And Fierce Super-Destroyer found herself in a very different place, one that didn’t smell like home at all. All of the two-legged types there seemed to have tails, and several came to pet her. She had to admit that these folks were verrrrrry good at petting. Some of them read the tag on her collar, and began ooo-ing and ahh-ing over “Pumpkin.”
“Blast it! Do I have to have that name here, too?”
The dog decided that, even with tails, the two-legged types don’t know any better.
Other than the indignity of the name stuff, she could rather get to enjoy this. But she was on a mission. Even here, she could sniff out the scent of Runs-Like-the-Wind-and-Finds-Stuff’s pack. Fierce Super-Destroyer slipped out from the crowd that had surrounded her so pleasantly and followed the fragrance of pack and cherries to a huge stone building, where many were coming and going carrying things she knew the humans called “books.” She followed the trail into the building, and was getting stares, but it wasn’t until she slipped past a few desks, wondering how she would get past the door ahead of her, that some of the two-legs with tails tried to stop her. Pumpkin dodged and wove, and got really annoyed with the dive-bombing cats—whose idea was it to give cats wings?—and couldn’t imagine anybody stopping her now.

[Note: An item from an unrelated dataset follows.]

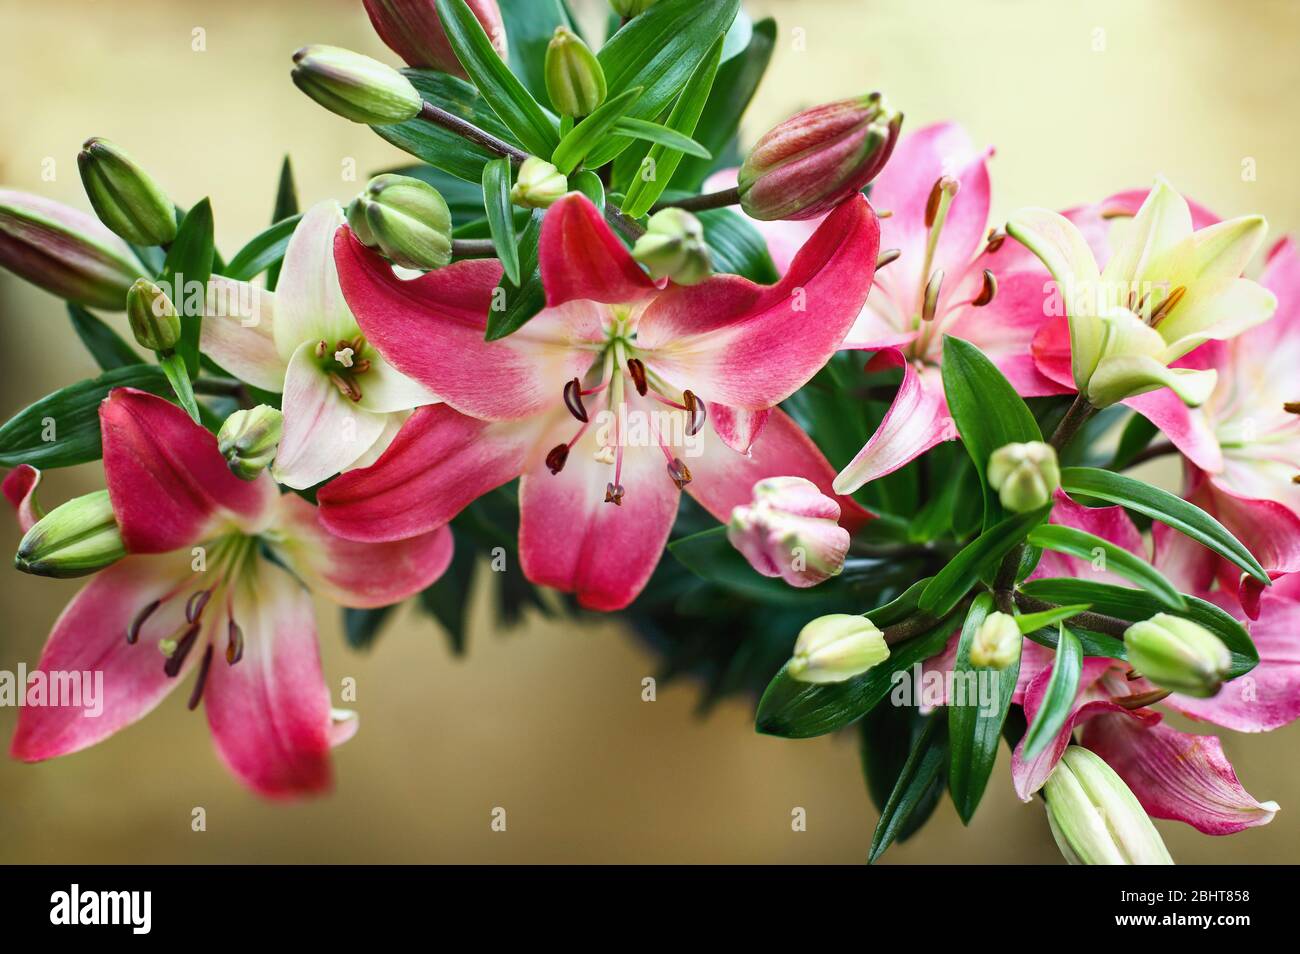 Vue en hauteur des magnifiques Lys asiatiques (Lily orientale), hybrides de Llium, roses et blanches, sur fond de cuivre. Photo prise depuis la vue de dessus. Banque D'Images

Then the most charming two-legged woman with the brightest yellow tail and horns appeared in the orange dog’s path. The Fierce dog found herself whimpering softly as the strawberry blonde scratched behind her ears while the heart-shaped tip of the yellow tail expertly stroked her orange one. Besides the soft sounds she made, all the dog could do was stare into the yellow-tails incredibly violet eyes. But everything changed when the woman, who had been just growling and barking and yipping up until then, suddenly said, “. . . wish we could understand each other.”
Fierce Super-Destroyer was just beginning to learn that all sorts of things, such as wishes, quickly escalate around yellow-tails, and this tail was the brightest yellow that anyone had seen in ages. “I think I do understand you,” she replied, “even though your kind usually seem to have such trouble communicating.”
The strawberry blond smiled, causing the dog to melt a bit more: “What are you doing here, cutie?”
“Oh, don’t call me ‘cutie,’ because then others might not know that I am fierce. In fact, my name is Fierce Super-Destroyer.”
“Well, your tag says ‘Pumpkin.’”
“Yes . . . ummm . . . where I come from, that is the two-legs’ word for ‘Fierce Super-Destroyer.’”
“I think it’s the same here.” Another smile, and the dog wondered if the two-leg noticed how deeply she was blushing. “My name is Miriam, sweetie. But where do you come from, and why are you here?”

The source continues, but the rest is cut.